◆ Task description:
Reproduce, without alteration, every line of the data; exclude the images.

◆ Supplied material:
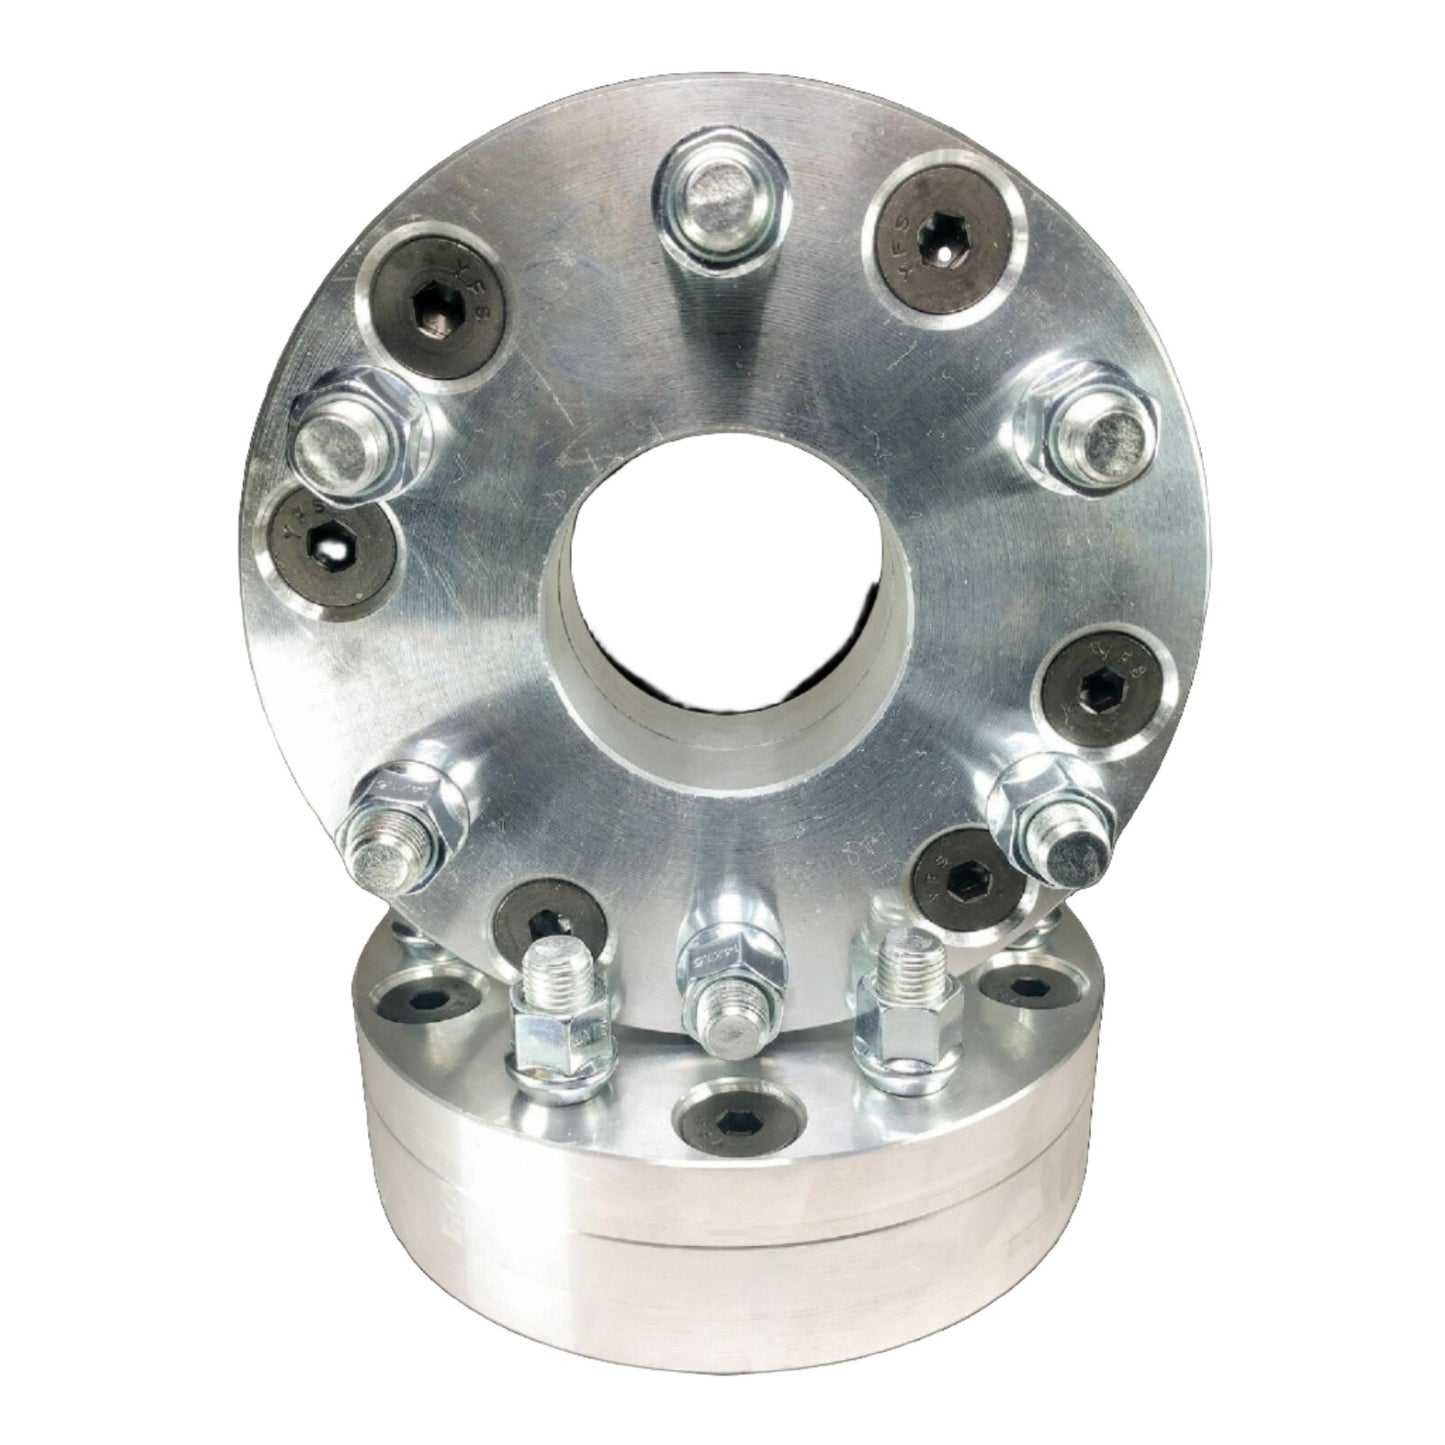 4x137 to 6x5.5" (6x139.7) 2 piece Wheel Adapter - Thickness: 1.5" - 3"
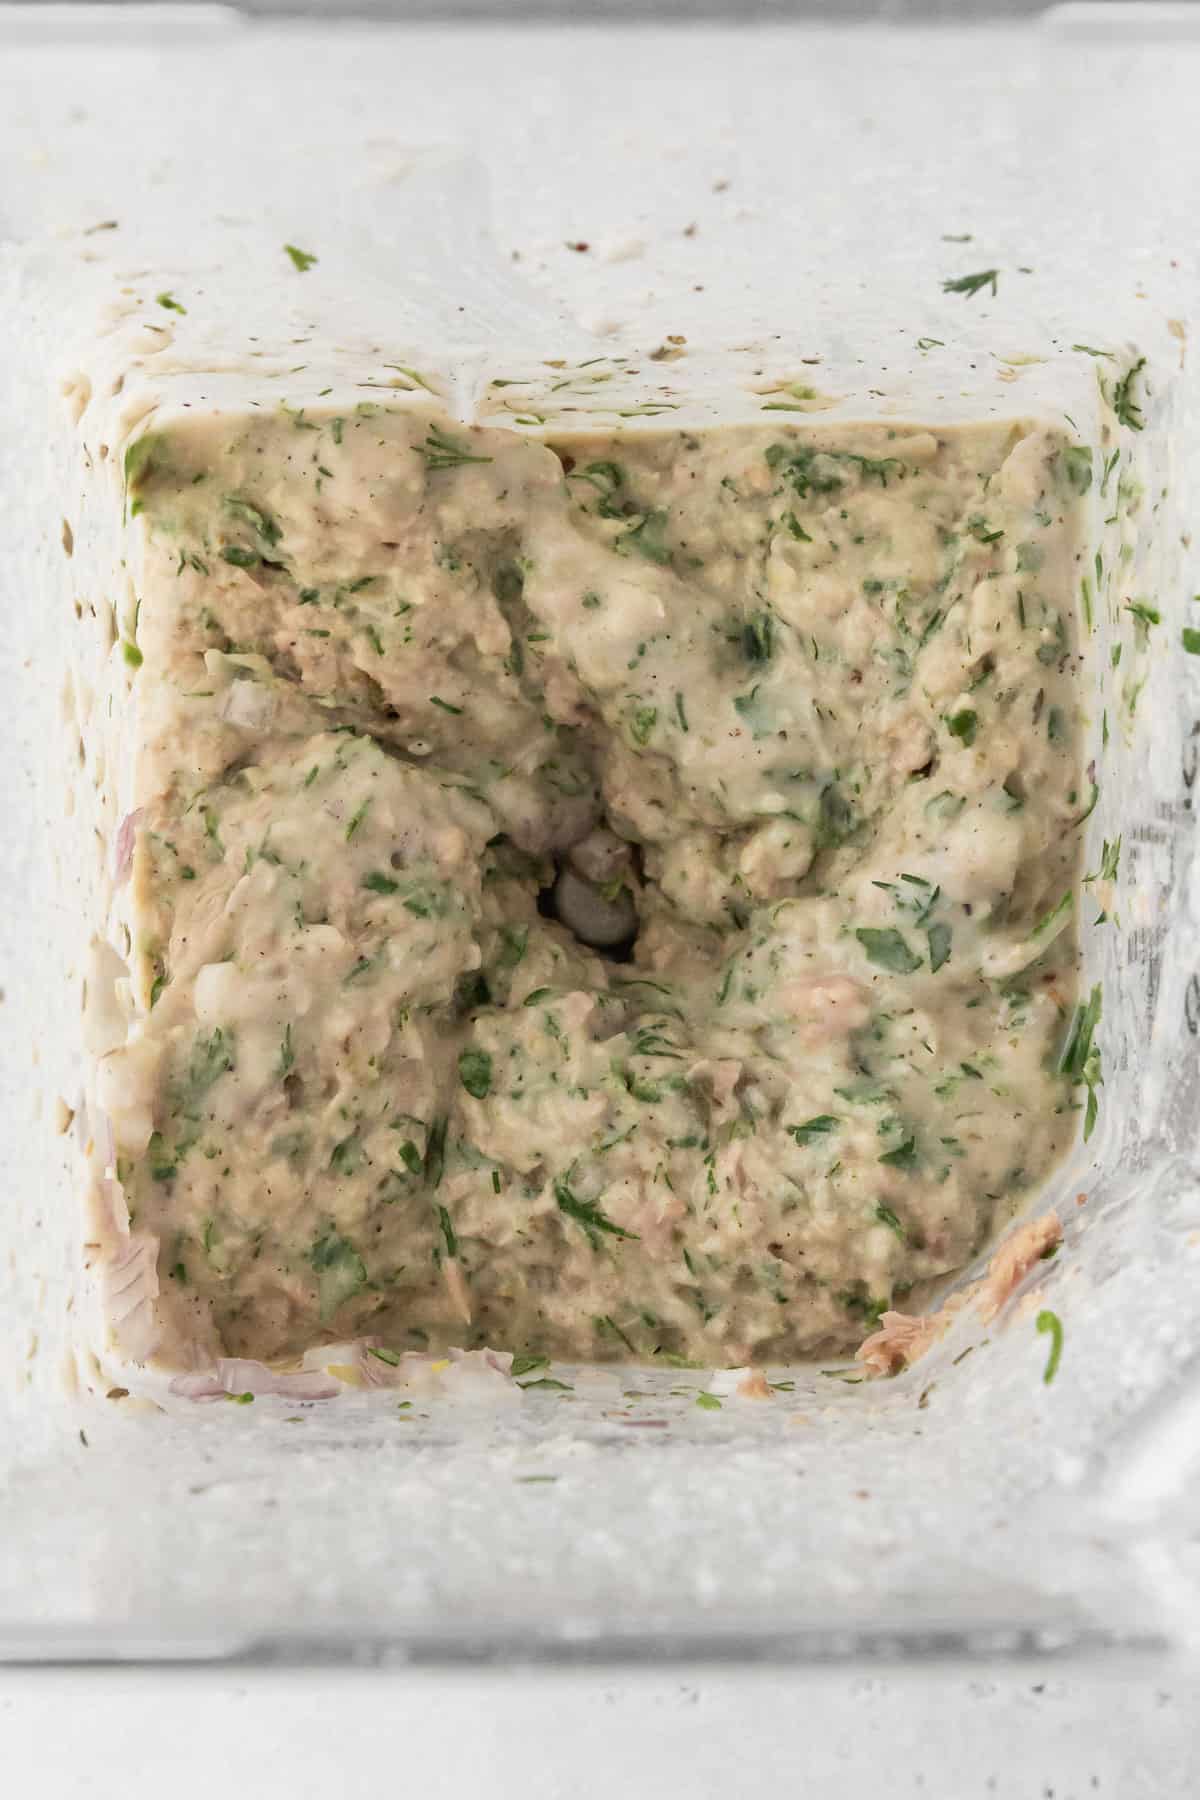 completed white bean tuna dip in blender after adding remaining ingredients.
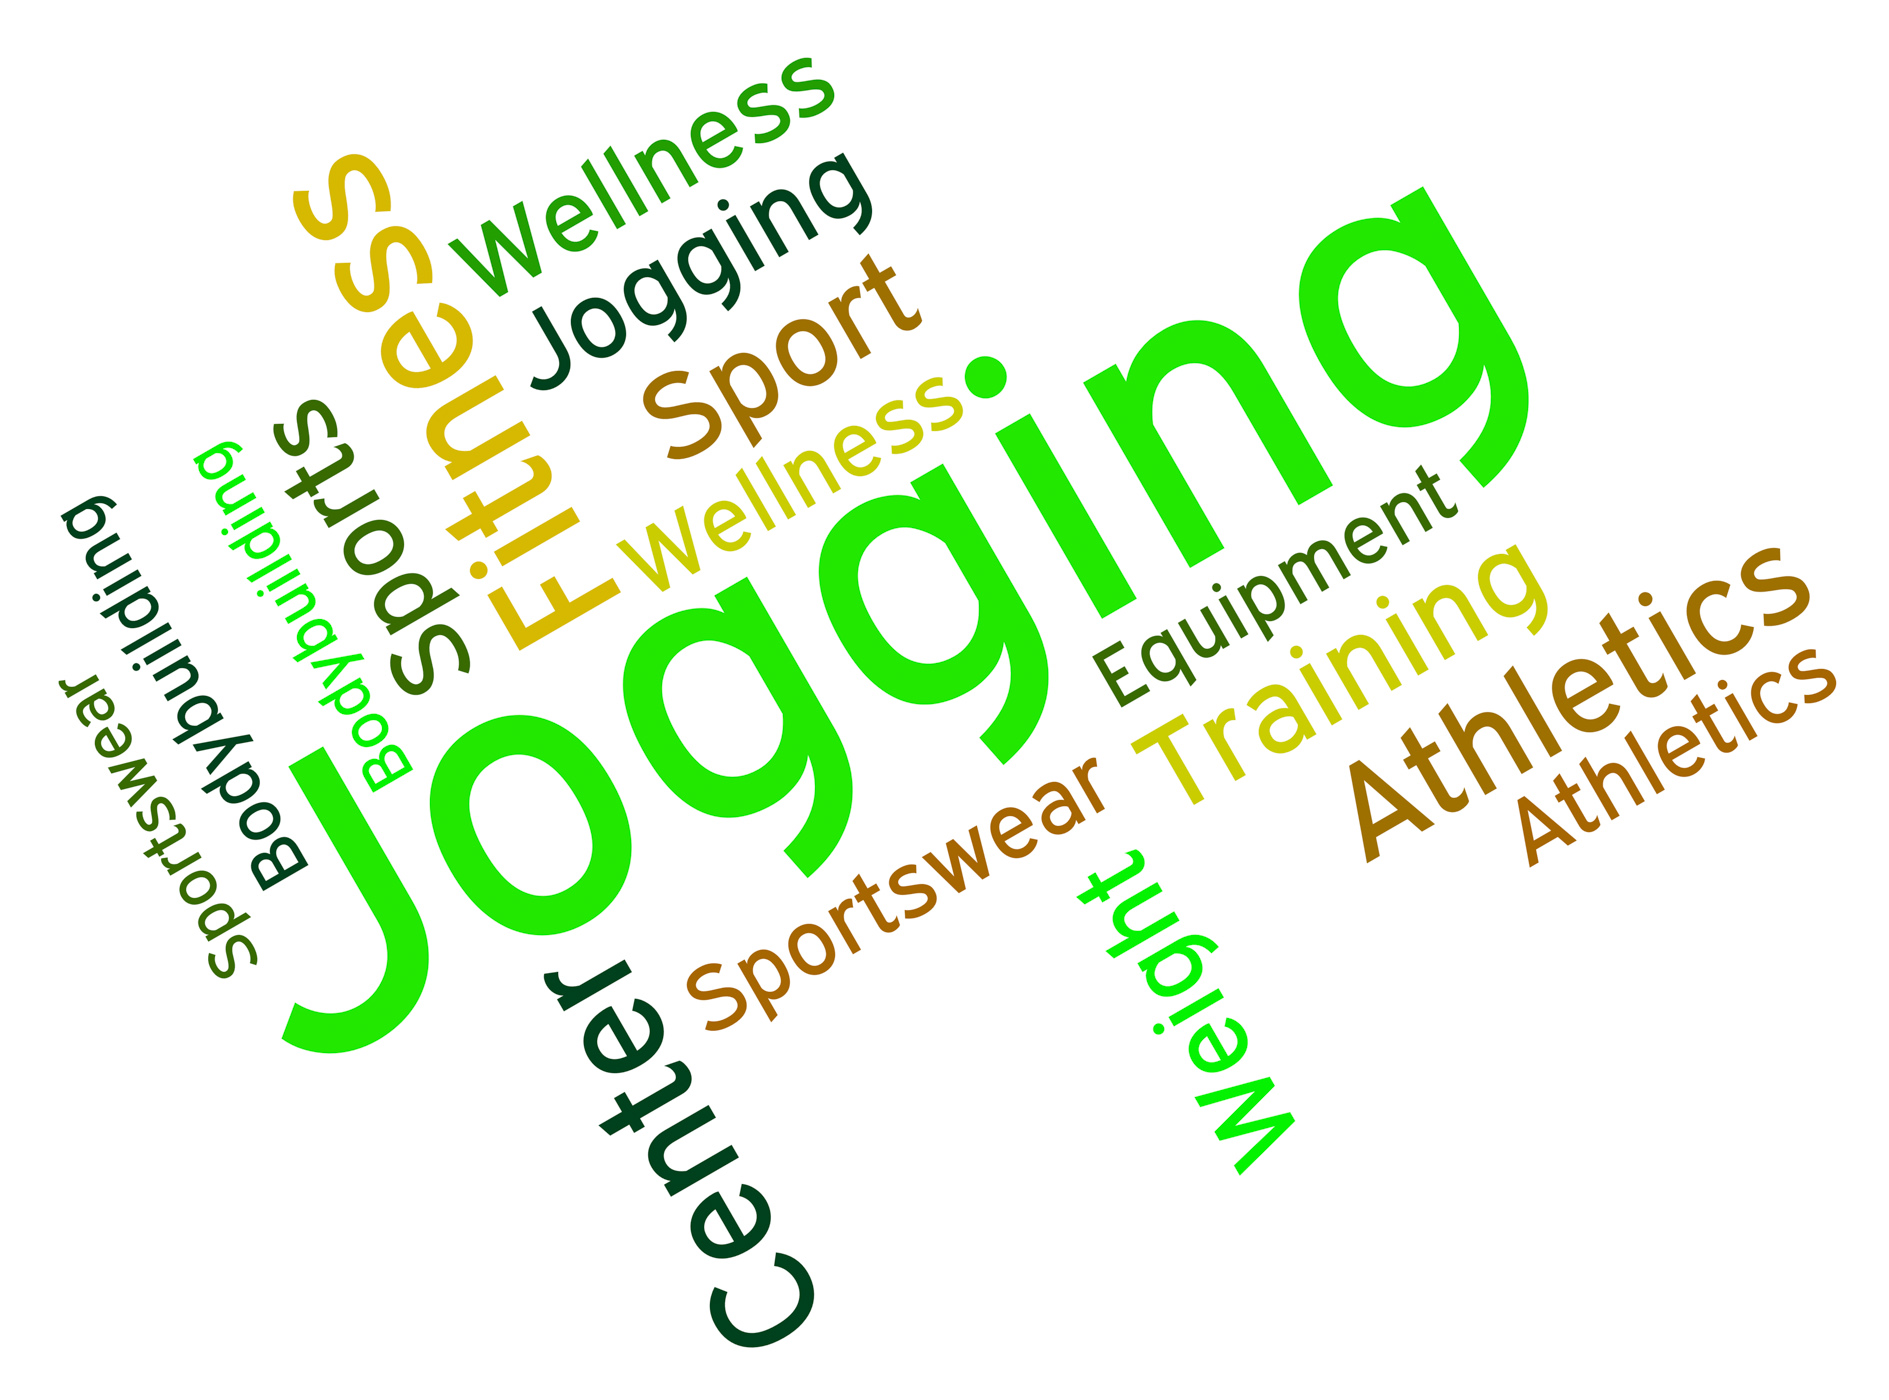 Jogging word shows exercise workout and health photo

◆ Task answer:
 4x137 to 6x5.5" (6x139.7) 2 piece Wheel Adapter - Thickness: 1.5" - 3"
 completed white bean tuna dip in blender after adding remaining ingredients.
 Jogging word shows exercise workout and health photo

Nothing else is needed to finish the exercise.